::: Data provided

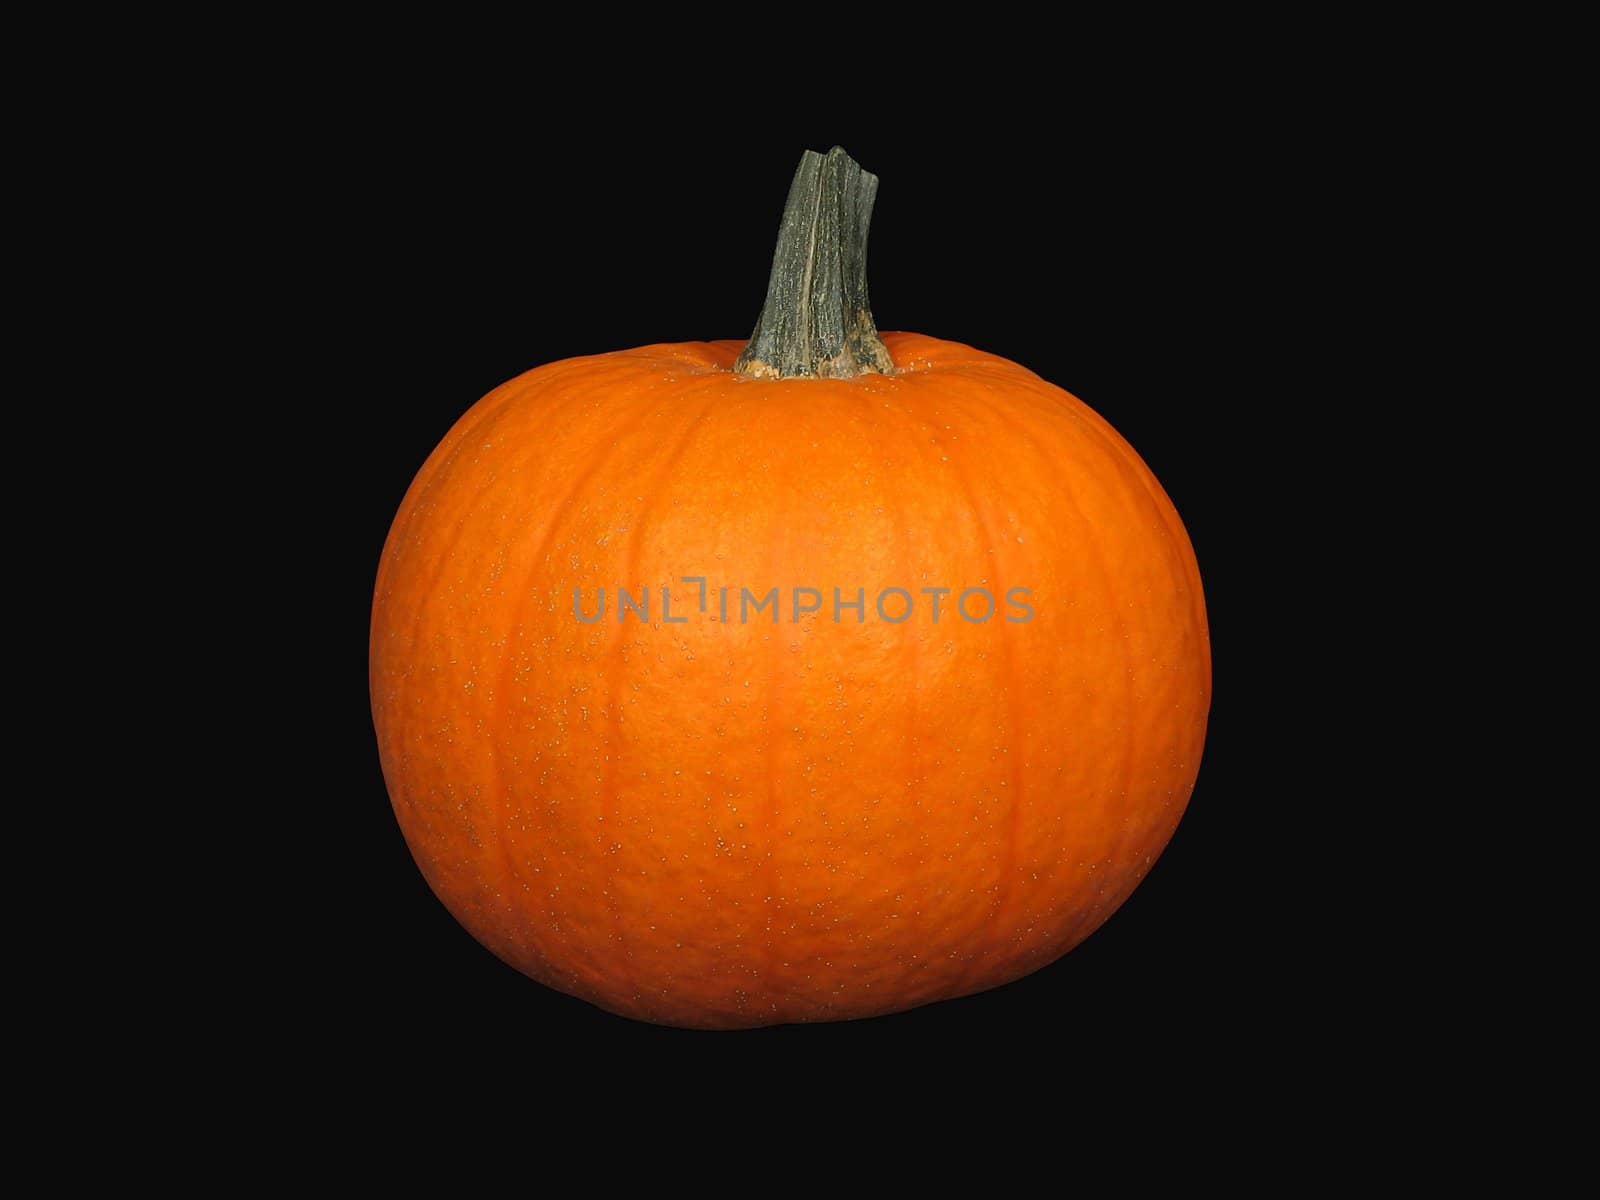 Pumpkin isolated on black. Contains clipping path.
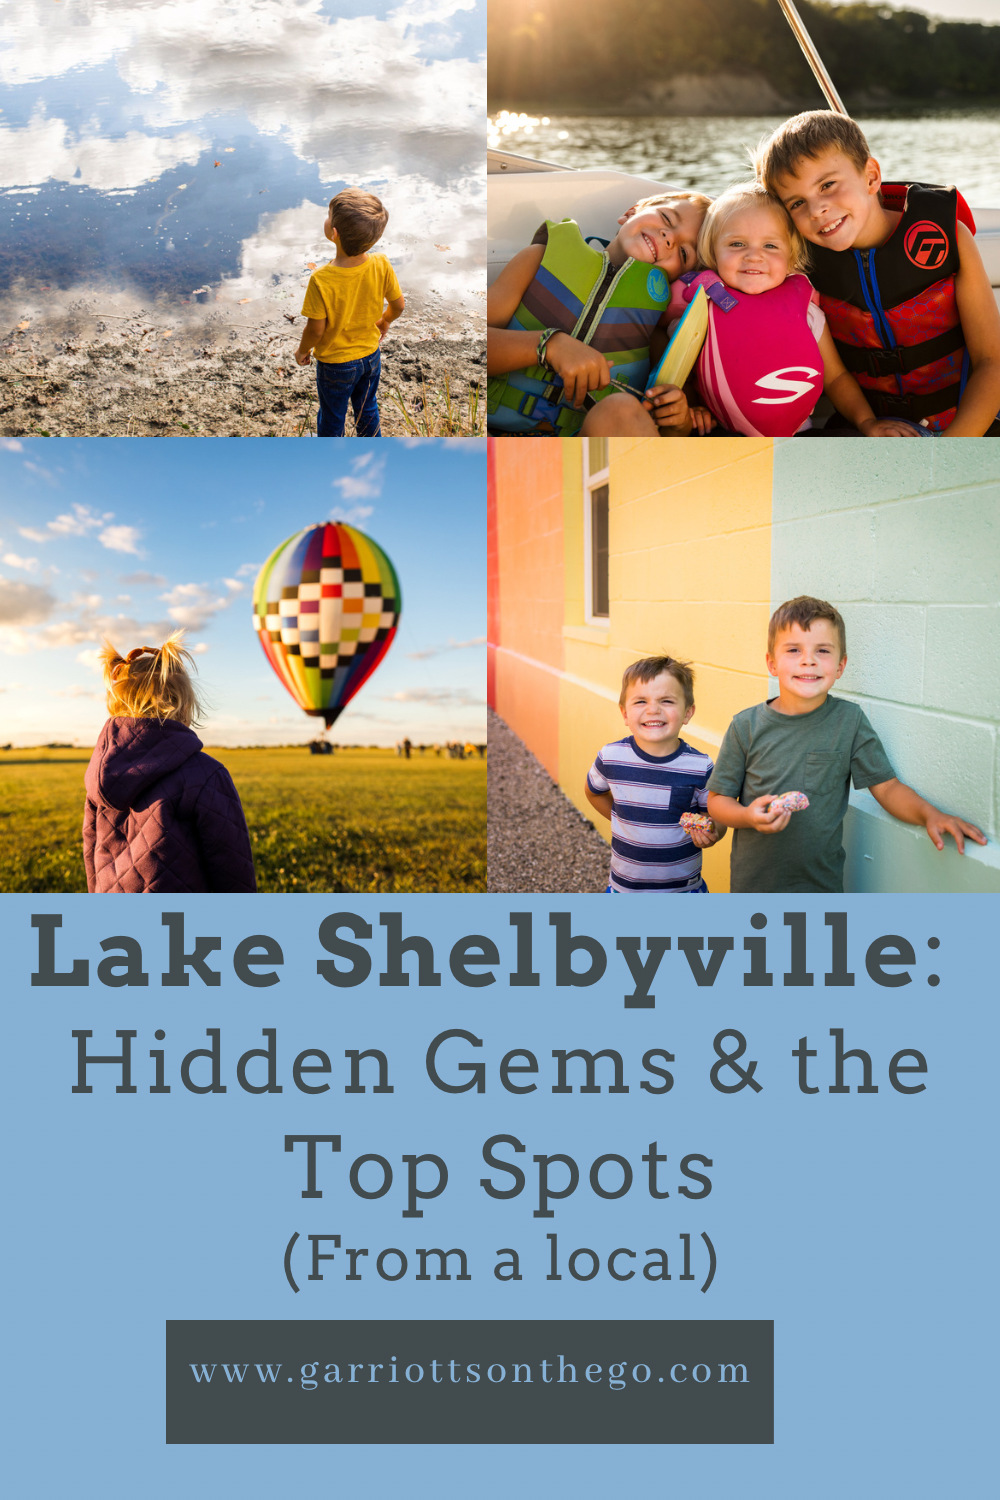 Lake Shelbyville: A Guide to Hidden Gems & the Top Spots
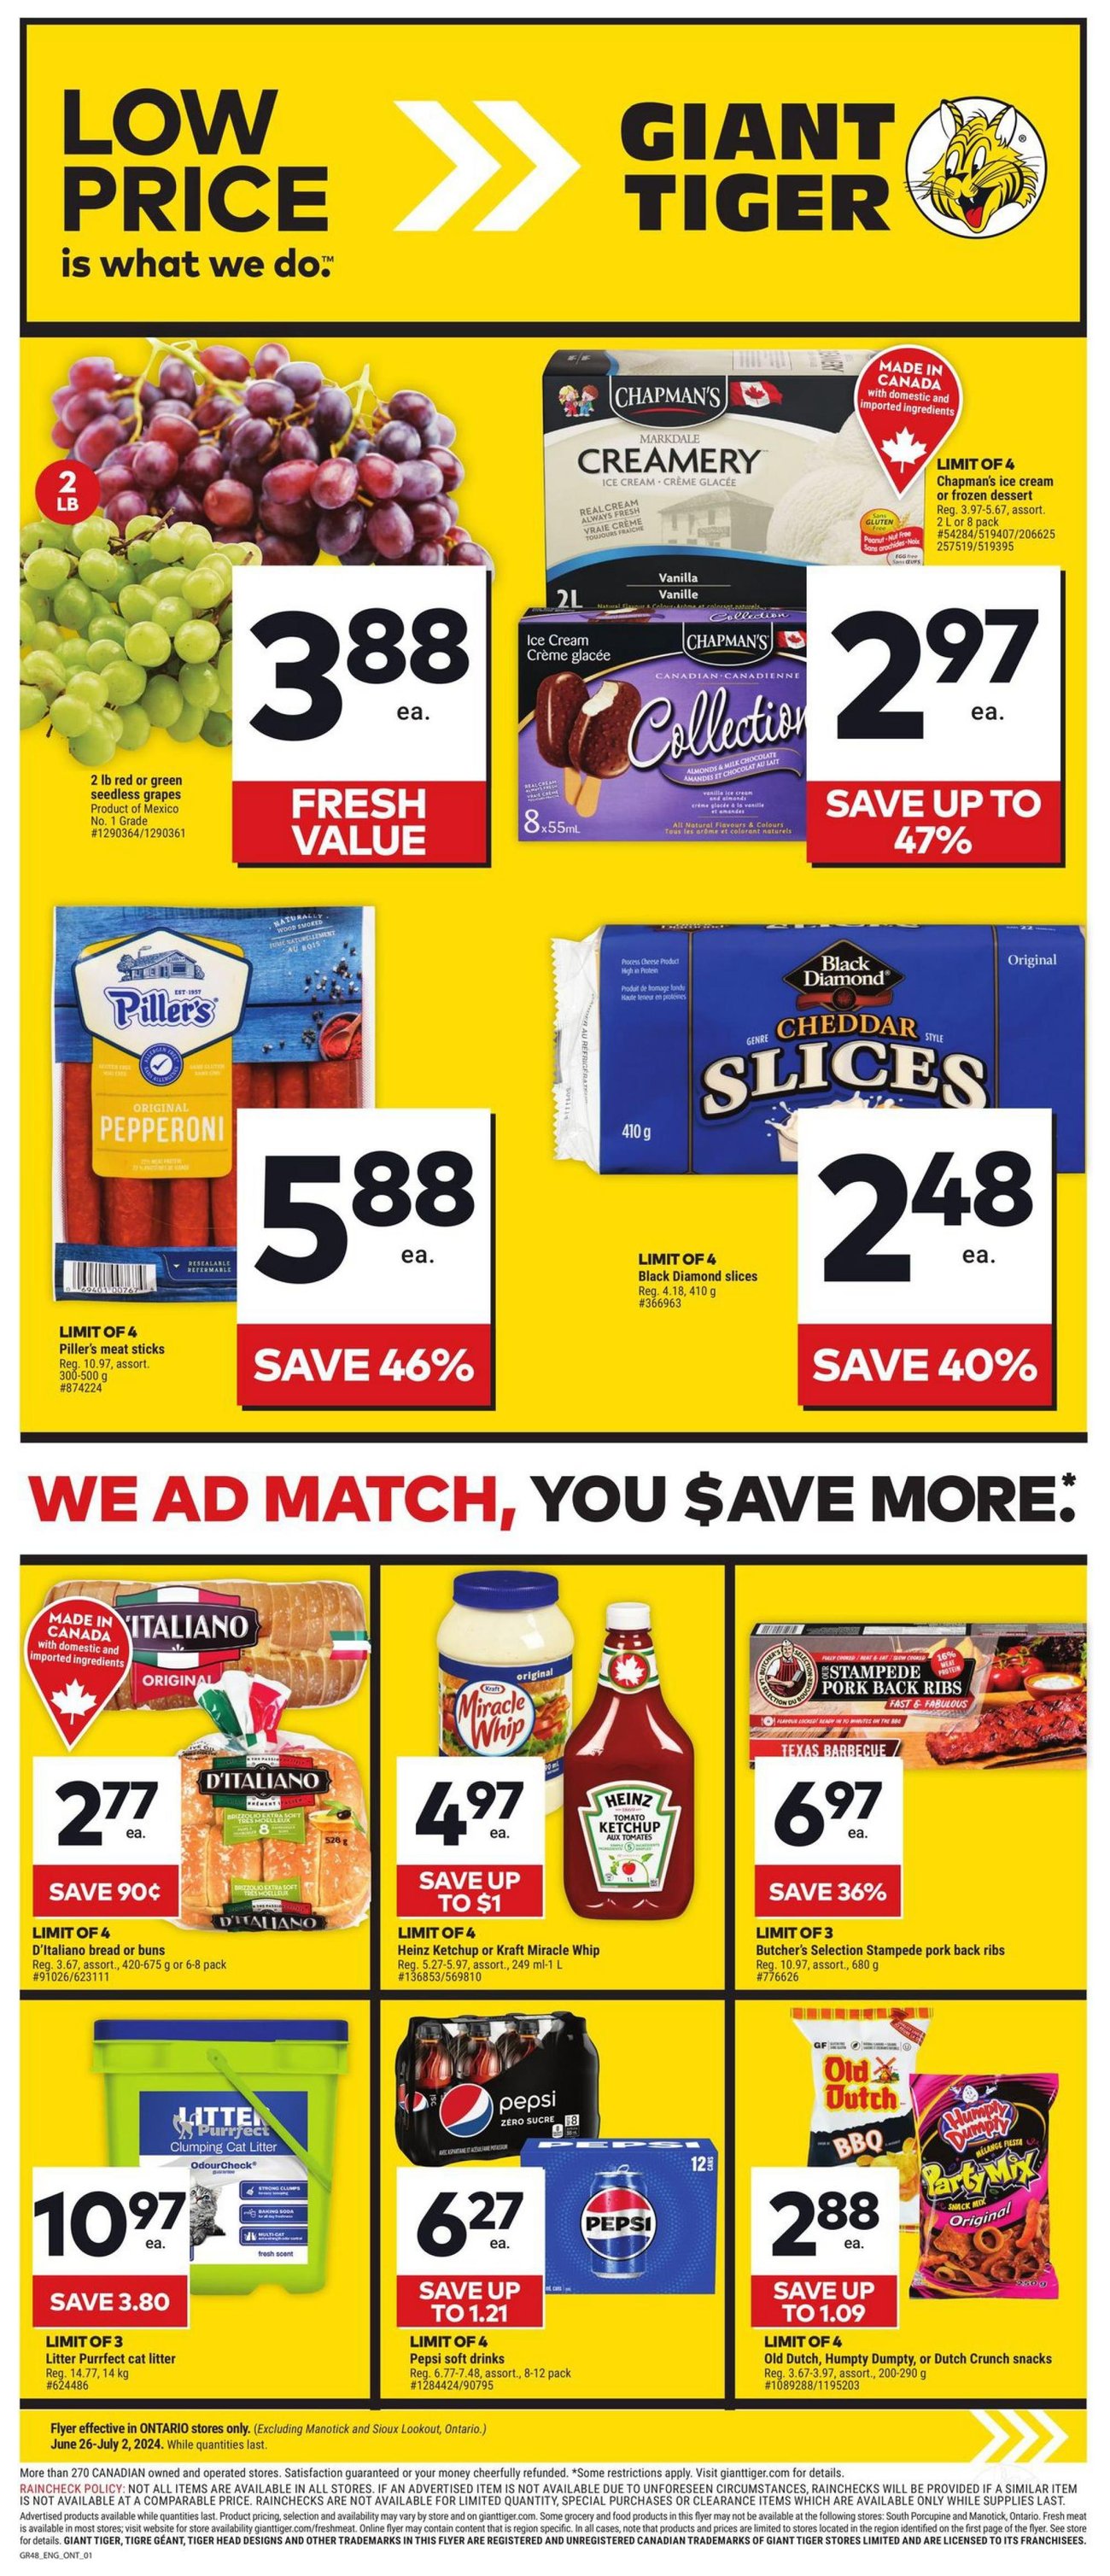 Giant Tiger - Ontario - Weekly Flyer Specials - Page 1

::::::

Give back the material above exactly as it appears, minus any picture.

- **Your response**:
 Pumpkin isolated on black. Contains clipping path.
 Lake Shelbyville: A Guide to Hidden Gems & the Top Spots
 Giant Tiger - Ontario - Weekly Flyer Specials - Page 1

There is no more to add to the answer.